The other is about Methos, who is amazing and Duncan, who's kind of an ass. I loathe Richie. The Watchers are endlessly either getting in trouble or causing it. Duncan has a gazillion old immortal friends who he's more or less in touch with, and plenty of immortals do form long relationships of various kinds with each other and even get married. The Game is probably a lot of bull, and there are tons of female immortals running around, including a whole bunch who've survived by being good at killing things, not just by being hot and sneaky like Amanda. Not only are there plenty of immortals, but there are other wacky magical things in the universe: magic stones, psychic powers, sacred springs. Dark quickenings aren't just Darius' long-past midlife crisis: they're something with actual mechanics we might be interested in.
It makes me wonder what I'd think if I actually rewatched the whole thing in order now.
[rusty halo]: Amanda was so awesome. I get really frustrated by the fact that she usually needs to be saved by Duncan (and on the general tendency of the narrative to always require Duncan to save the day, preventing other characters from having a chance to shine), but I blame that on the writers.

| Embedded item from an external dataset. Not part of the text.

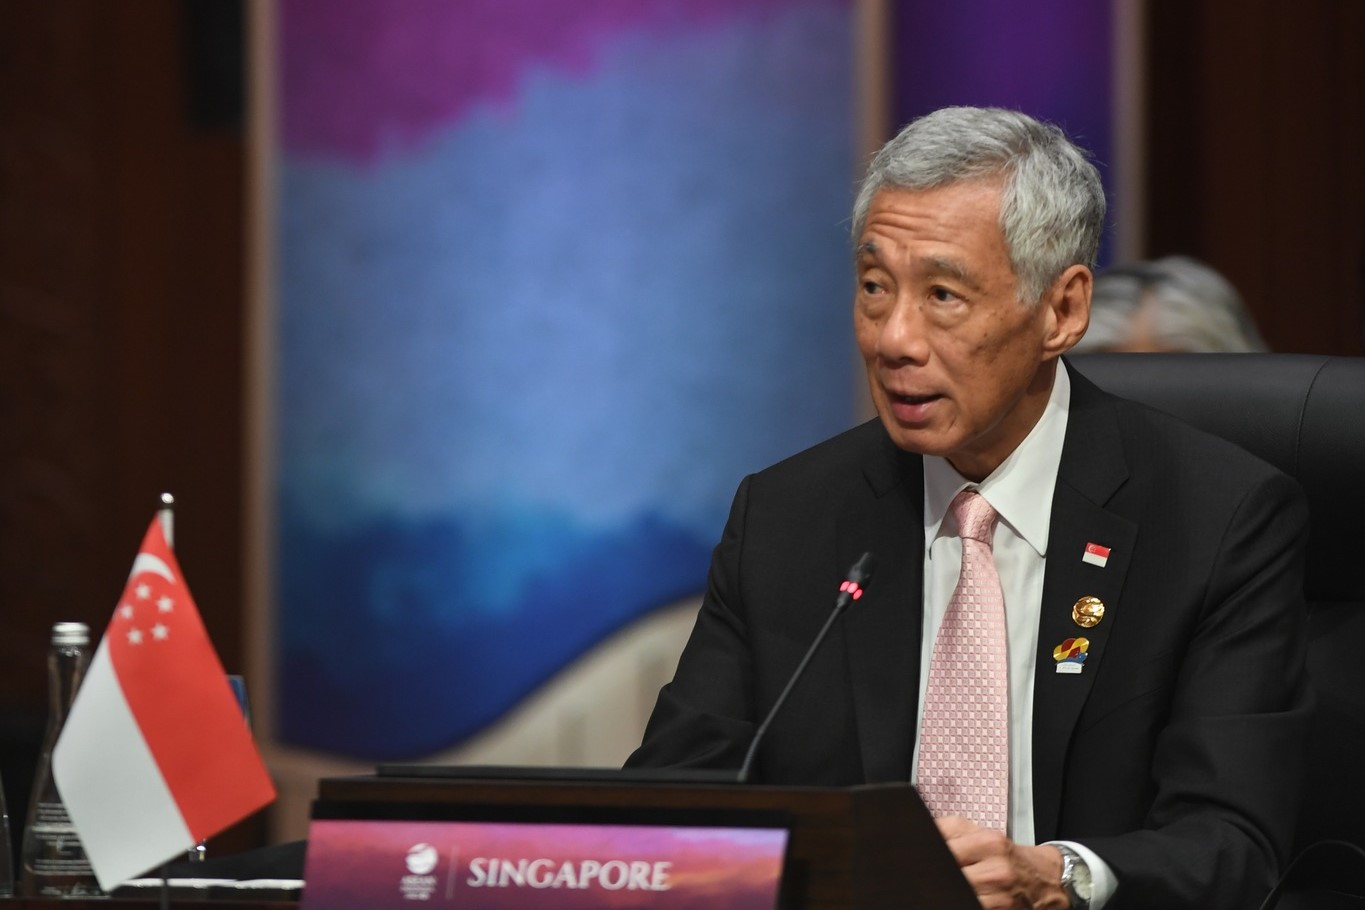 Singapore's Lee Hsien Loong to step down as PM, succeeded by Lawrence Wong

Amanda herself is one of my earliest favorite female characters, and I suspect fandom would be a lot more into her these days.

[skywaterblue]: I secretly consider Highlander to be one of the best shows ever, because if it did nothing else it really THOUGHT about how to gender balance a TV show so that all the audiences had something to like about it. Do you like costume drama? We got that! Character arc? We got that! Silly ridiculous sword fights and motorcycle drama? We got it! Gay subtext? Secret organizations? ... etc.
[aria]: ...Actually I have this fond dream, now, of a Highlander-the-show reboot with good special effects and consistently good acting and a skew towards philosophy over cheesy action, because I would watch that so hard. On the other hand, it would be very important that it have as much Methos in it as possible, and ... seriously, the idea of anyone but Peter Wingfield playing Methos bends my mind, and in uncomfortable ways.

[beccaelizabeth]: What Highlander Is About and hence how we watch it was another split. There's fans who think it's about the sword fight and who wins. There's fans who think it's about love through the centuries. And there's fans who agree with David Abramowitz that it is Talmudic Discussion With Swords. This page [1] has it as "A romantic Talmudic discussion with ass-kicking", which covers all the bases. "They're Talmudic questions. How long do you have to keep a promise? What is the difference between honor and vanity? Is morality and justice fixed by time, or only in time and place, or does it exist, the same morality - true morality; and true justice. Justice, does it exist in the seventeenth century and that it's the same in the twentieth century. Those kinds of questions. They were great fun to write about." Fighting over the big ideas was where the stories lived. They made some good discussion and some good (heavily researched with footnotes sometimes) fic. Where it all is now... not so easy.